Kate Masur is a professor at Northwestern University who specializes in the history of race, politics, and law in the United States. She’s the author of Until Justice Be Done: America’s First Civil Rights Movement, from the Revolution to Reconstruction, a finalist for the Pulitzer Prize in History and a New York Times "critics' pick" for 2021.
Kate led a team of students and staff at Northwestern in the creation of Black Organizing in Pre-Civil War Illinois: Creating Community, Demanding Justice, a web exhibit associated with the Colored Conventions Project.
She regularly collaborates with museums and other nonprofits, including the National Park Service, the National Constitution Center, the Newberry Library, and the Smithsonian Museum of African American History and Culture.
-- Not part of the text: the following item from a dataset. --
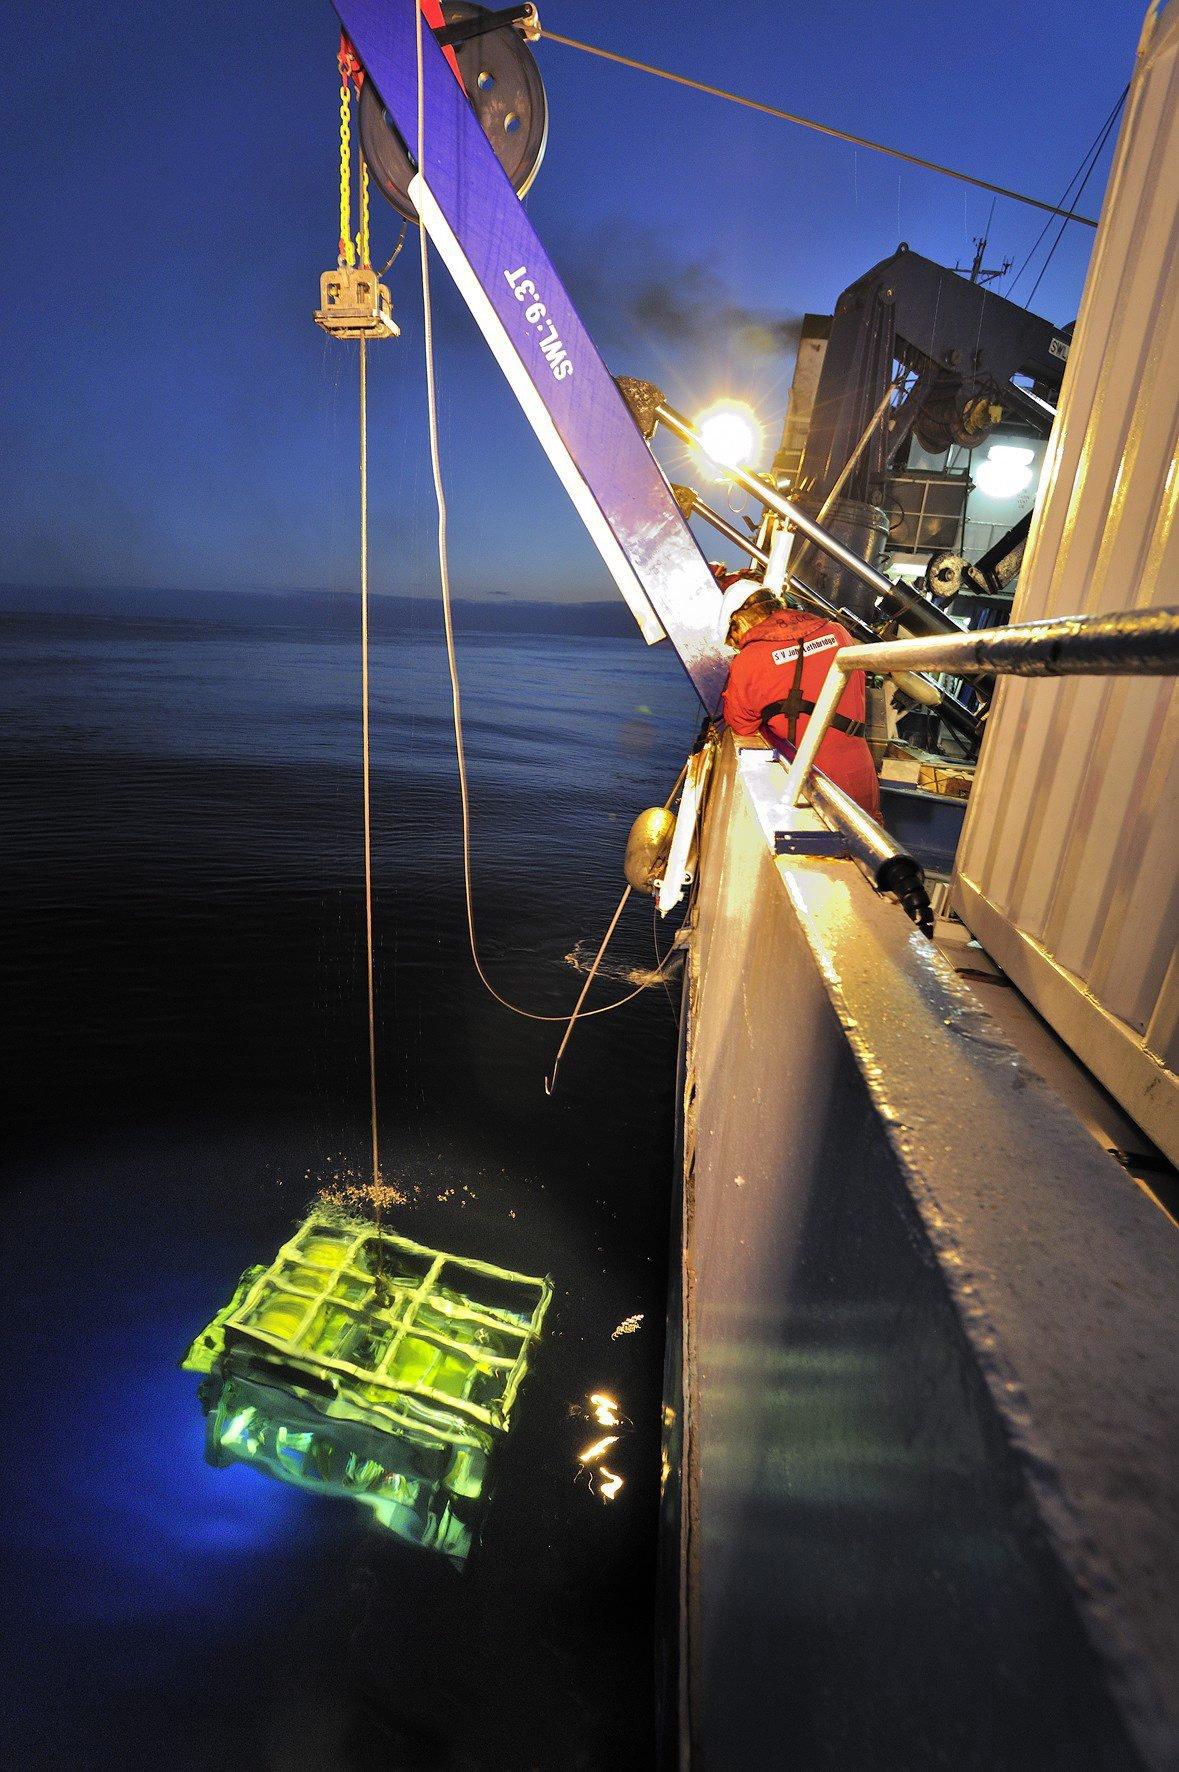 Mit einem Unterseeroboter, der über ein 10 km langes Kabel mit dem Mutterschiff verbunden ist, können die Ingenieure an Bord der

She was a key consultant for the 2019 documentary, Reconstruction: America after the Civil War and appeared in the 2021 CNN film, Lincoln: Divided We Stand.
Kate regularly works with K-12 teachers and speaks with the media on topics including the Civil War and Reconstruction, Abraham Lincoln, monuments, and public memory. Her 2010 book, An Example for All the Land: Emancipation and the Struggle over Equality in Washington, DC, was a finalist for the Lincoln Prize. She is co-editor of the Journal of the Civil War Era, published by University of North Carolina Press.
She lives in Evanston, Illinois, with her family.